Jhon y Sammuel caminan detrás de nosotros a una distancia corta para evitar que la gente se nos acerque, Louis me toma de la mano; se acerca un poco más a mí, inclina su rostro a la altura de mi oído.

 

-¿Quieres que tomemos un taxi? -susurra

-El hotel no esta tan lejos –respondo- Aparte de que el clima esta lindo y este fue tu plan original, caminar –agrego

-Pero te veo nerviosa –comenta

-Lo estoy –contesto- Pero al mismo tiempo estoy tranquila -agrego

-Vale, solo no te alteres; sabes que estamos bien cuidados y nada te pasara a ti o a los gemelos -contesta

 

Me limito a sonreírle en respuesta, seguimos caminando entre la multitud de gente a nuestro alrededor; los flashes destellan cerca de nosotros, las fans gritan a todo pulmón llamando la atención. Siento que podría quedar aplastada entre toda la gente, mi corazón se acelera un poco; aprieto un poco más la mano de Louis.

 

El agacha la mirada hacia nuestras manos entrelazadas, sonríe para el mismo; levanta el rostro fijando la mirada hacia enfrente. Pasos después por fin llegamos al hotel, entramos de nuevo por la puerta trasera; suelto la mano de Louis y suspiro una vez que estamos en el elevador.

 

El elevador se detiene un piso abajo del nuestro, bajan los chicos de seguridad; les agradecemos. Yo camino por el pasillo bostezando, la verdad es que me siento algo agotada; aparte de mi cansancio del vuelo, la diferencia de horario y el estrés de las fans me dejaron medio noqueada.

 

Entramos a la suite, yo camino directo hacia la habitación; entro al baño, lavo mi rostro para quitarme el maquillaje.
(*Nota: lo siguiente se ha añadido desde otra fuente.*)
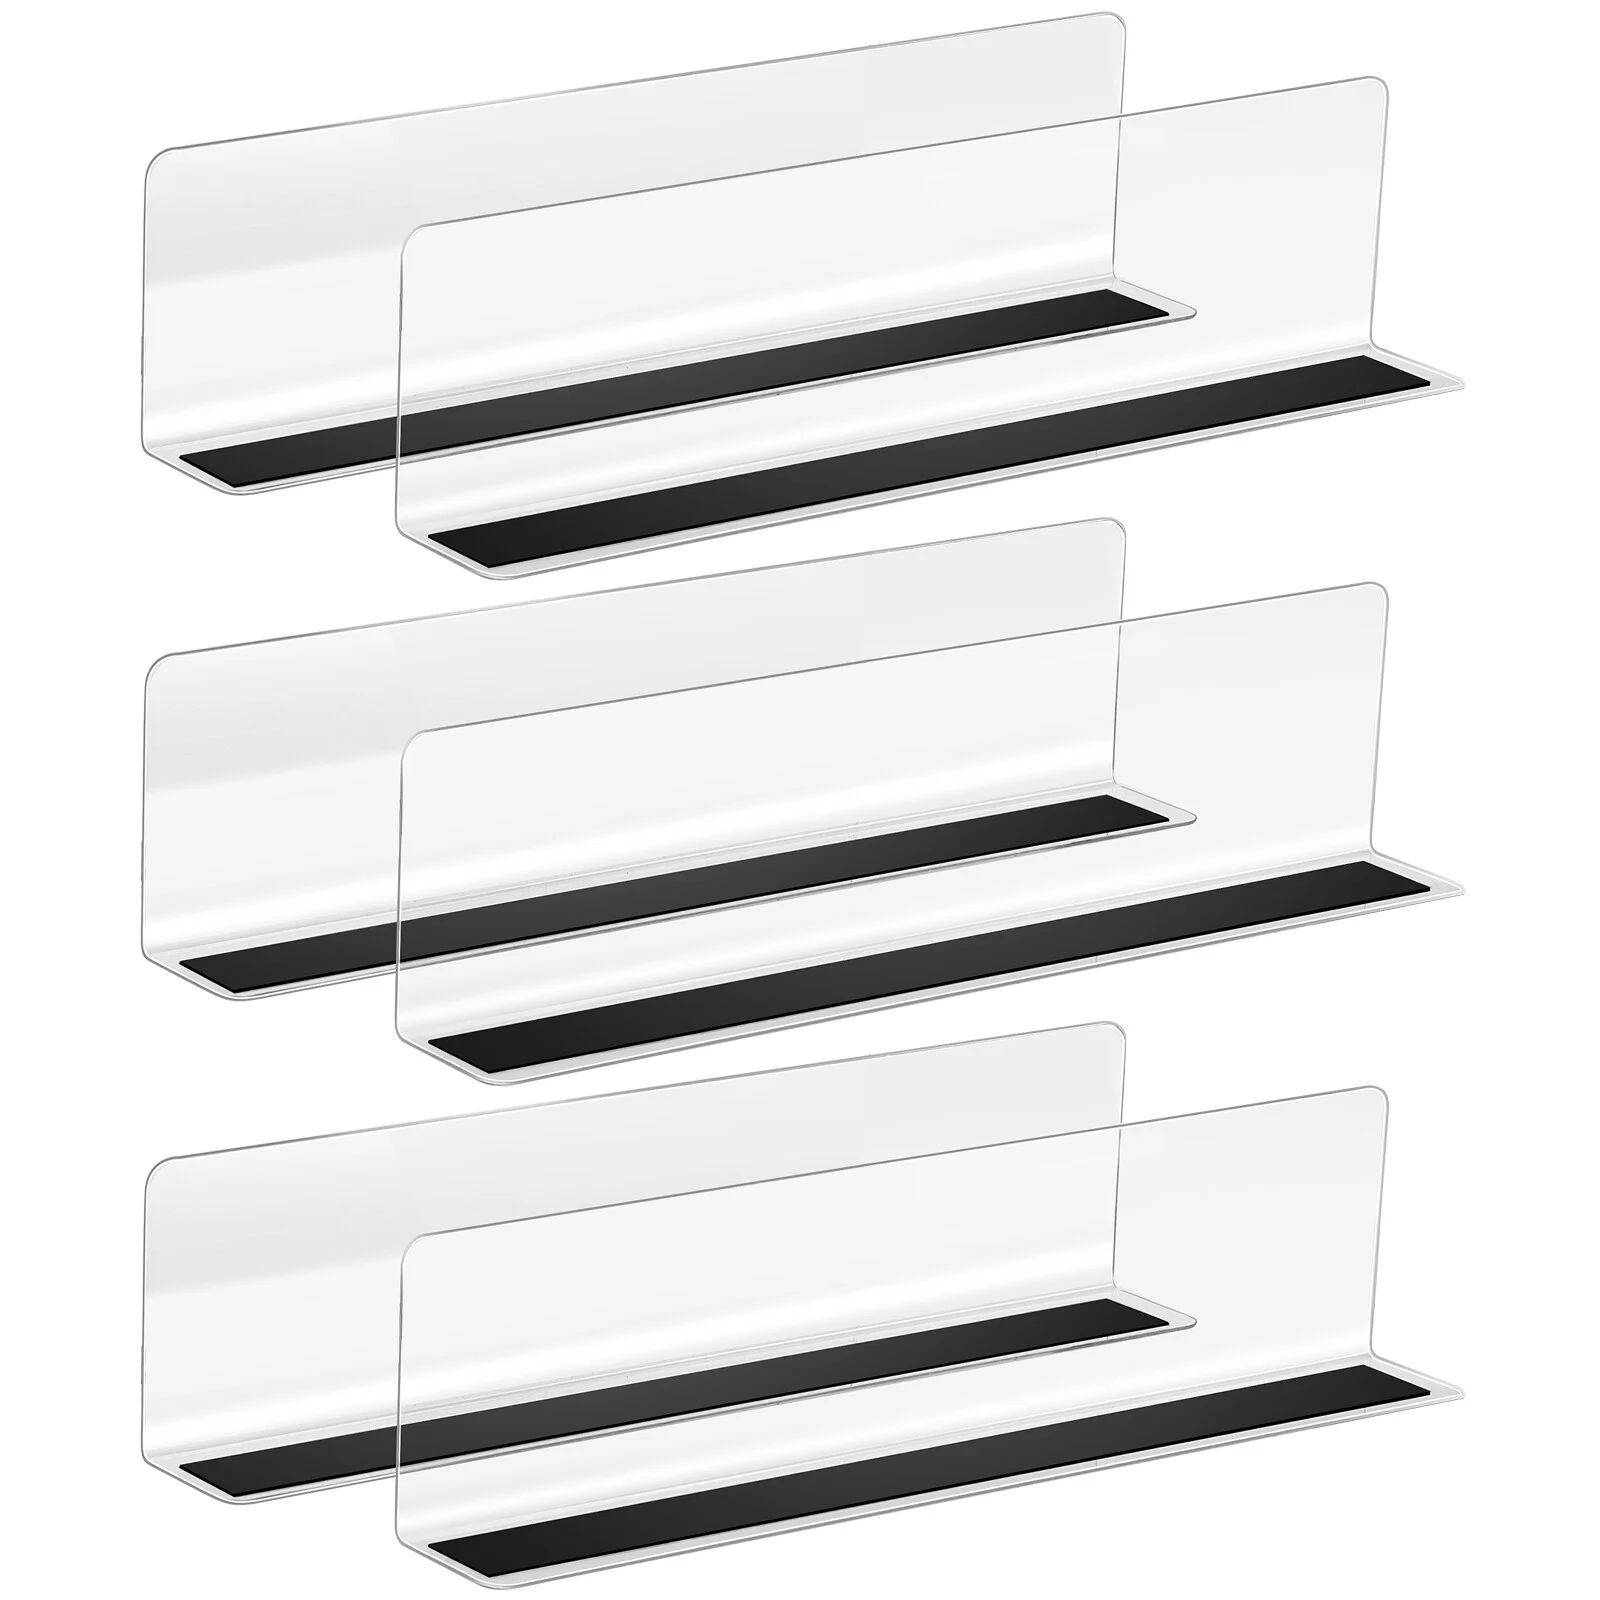 

6 Pcs Commodity Divider Classification Baffle Shelf Dividers Stores Clear Acrylic Plastic Magnet Pvc Goods Boards Purse

Lavo mis dientes, me veo en el espejo; afortunadamente mi rostro no refleja mi cansancio.

 

-¿Te gusto la velada? –pregunta Louis entrando a la habitación

-La verdad es que si, la cena estuvo deliciosa –respondo, cierro la puerta del baño- Gracias por lo que planeaste -agrego

-Gracias a ti por aceptar ser mi acompañante esta noche –dice con una sonrisa – Bueno, te dejo a solas para que te pongas cómoda -agrega

-Vale, gracias –respondo

 

Me sonríe, se da la media vuelta y camina hacia la puerta.

 

-Louis…-digo impulsivamente, voltea a verme

-¿Dime? -responde

-Sabes…estaba pensando en salir a pasear por ahí, bueno; en concreto pensaba en visitar algunas tiendas de maternidad y cosas así –comento- A lo mejo no comprar pero al menos ir a ver que necesito para cuando nazcan los gemelos, no sé si haya algún problema…-me interrumpe

-No hay problema alguno –dice sonriente- De hecho es algo perfecto, mañana tenemos el día libre así que podemos ir a recorrer todas las tiendas de Paris –agrega

-¿Vas a ir conmigo? –digo levantando una ceja

-Por supuesto –contesta- Las fans tienen que vernos juntos, Simon ya me había pedido que planeara algo que hacer en público contigo mañana; parece que a ti se te ocurrió algo increíble –agrega- Los medios se volverán locos con fotos nuestras visitando tiendas de maternidad –concluye

-Si bueno…eso será mañana –me doy la media vuelta- Ahora si me disculpas…-pretendo buscar en mi maleta- Me pondré mi pijama –agrego sin emoción alguna

 

El no responde, escucho el ruido de la puerta que me indica que estoy sola en mi habitación. Dejo caer el vestido al suelo, me quito los zapatos; los arrojo a un lado de la habitación. La velada estuvo increíble, por primera vez sentí que entre Louis y yo no habría problema alguno.

 

Todo iba tan bien, la verdad es que pensé que genuinamente le había dado gusto verme. Pero estaba tan equivocada, parece que s eme olvida su estúpida bipolaridad.

 

Cuando dijo que podríamos recorrer todo Paris sin problema alguno, la verdad es que pensé que en realidad le interesaba ir conmigo por los gemelos; pero su ultima contestación me recordó que lo único que a él le importa es quedar bien ante las fans y los medios de comunicación.

 

No tengo que darle importancia a lo que él diga ó haga, en verdad que cada que el actúa lindo para mi es dar un paso hacia atrás; siento que con un simple acto de ternura se me olvida lo que es realmente nuestra relación. Mañana mismo hablare con mi abogado, me urge que se agilice lo de mi casa en Nueva York. En cuanto compre mi casa, ya no habrá vuelta atrás.